I’m on my knees- scrubbing the shower with all my might, watching as the white emerges. My tears are falling as I scrub, requiring me to start all over again. I can wipe away the grime of the shower stall but what of my soul?
What of the sin that hides so well in this culture and sneaks up on me and entangles before I even know of its presence? What of the loneliness that crushes my heart as I try to reach out to people who just don’t get it, as I watch on facebook as the ones who do live their lives in a country I ache to be in?
I just want to escape it all… but there is no escape. I’m stuck on a college campus and there is nowhere to be alone. The library, the cafeteria, the lounge- I am surrounded by people. My room where I just want to curl up in my bed and cry is full of a roommate. I go to sleep and sleep before the sun sets and wake after it rises, because this brings the only escape from it all.
My week has been emotionally exhausting with one drop of big news after another. I don’t know if my girly emotions can handle anything else. I am so so tired. And feel so so wretched. And I cry out for grace but my flesh blocks it from coming and I sink into the hole of my self-made pit of self pity. I am so very weak.
I read blogs of people living the life I desire and I know I can’t do that. Here I am curled up in a ball over an onslaught of emotional news and whining about the lack of solitude. Africa never allows for solitude. Africa throws emotional news at you day after day. If I can’t do it here how can I do it there? How was I so prideful to think I would avoid burnout? I’m not even there yet and I’m fighting it; fighting so many feelings of inadequacy that my legs buckle beneath me.
I’m sick of blog posts that finish with happy wonderful spiritual endings. I’m sick of people writing about their struggles but wrapping it up with a reminder of Christ’s promises and their resolve to hold on to them. I don’t doubt their faith- I just wish I had some. I wish there were more people out there that wrote about their faith struggles- who admitted that sometimes when things get rough they don’t feel like God’s there or they don’t want to reach for him.
I know all the church answers:
Lean on him
Approach the throne of grace with confidence
But what we don’t talk about much in Sunday School is what to do when you can’t make yourself do any of that. What’s the answer to a faith crisis that hinders the ability to approach the throne of grace? What do we do with the anger and self hatred when we see ourselves as what we truly are instead of what God sees through Christ’s blood?
I wish we talked about that more. Maybe I’d have more answers if we did.
There is such a temptation to not post this... or at least wait until I feel a little more Christian. Wait until the faith does come trickling back and I can pick myself back up and take hold of Christ's promises, and approach the throne of grace with confidence, and lean on him, and do just what they taught me to do in Sunday School- and then pretend like this faith crisis never happened.

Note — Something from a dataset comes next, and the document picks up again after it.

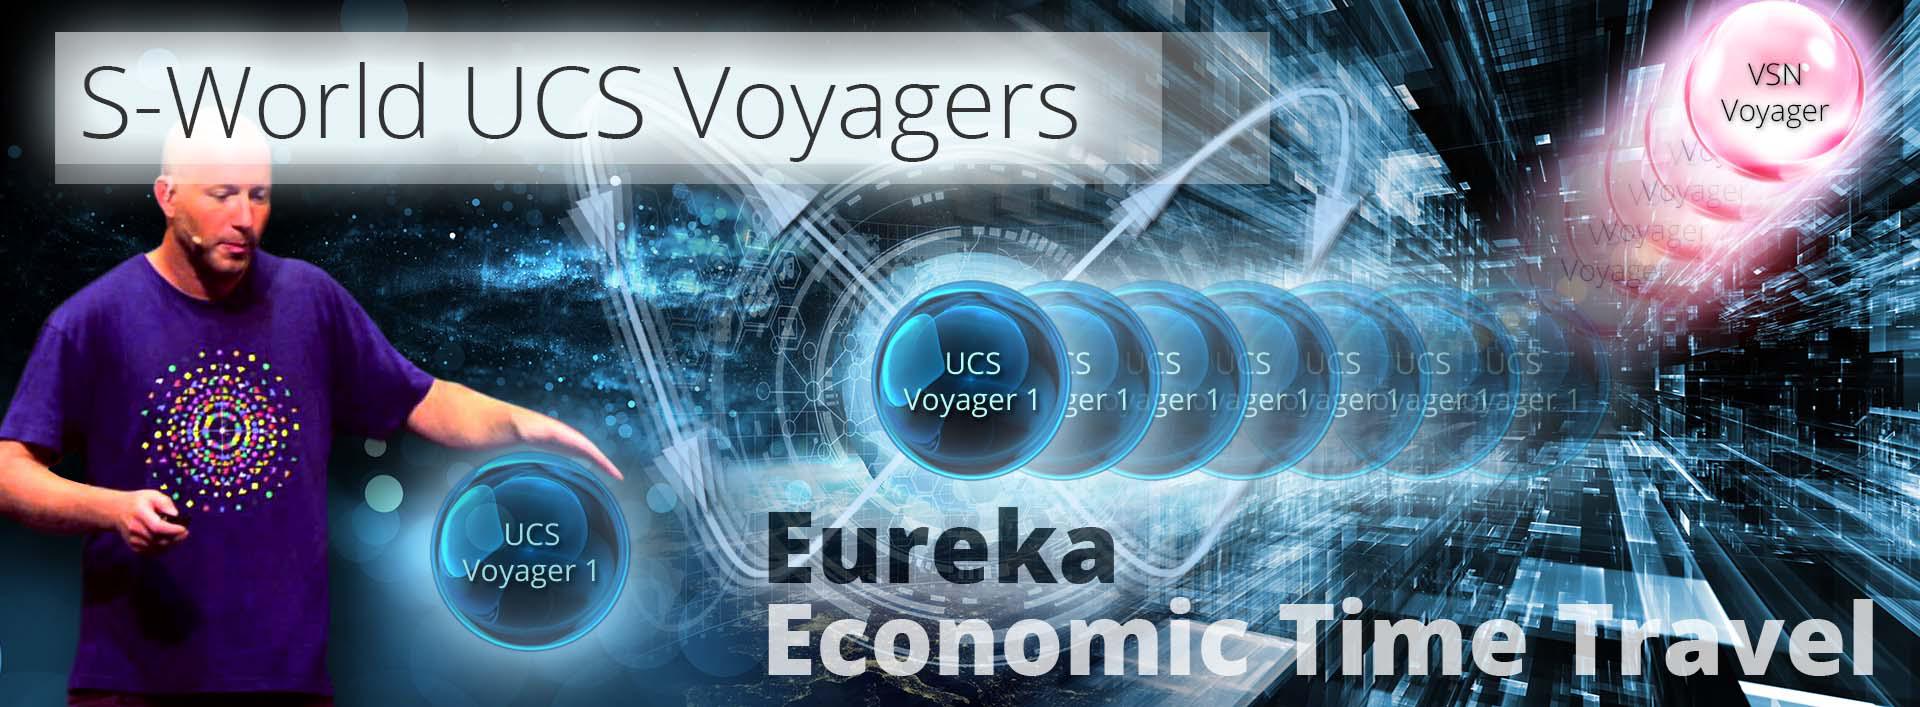 s-world ucs voyagers an economic theory of everything (E-TOE)

But if I did that I would give the illusion I am one of those incredible people who can make it through thanks to my monstrously strong faith. The truth is i'm not. The truth is I have no idea how i'm going to make it through. The truth is I fail like you wouldn't believe.
So if you ever join me in this faith crisis, if you ever feel completely inadequate and weak, if you ever struggle with leaning on God and bringing hope to the darkness...
know that you are not alone. I'm right there with you.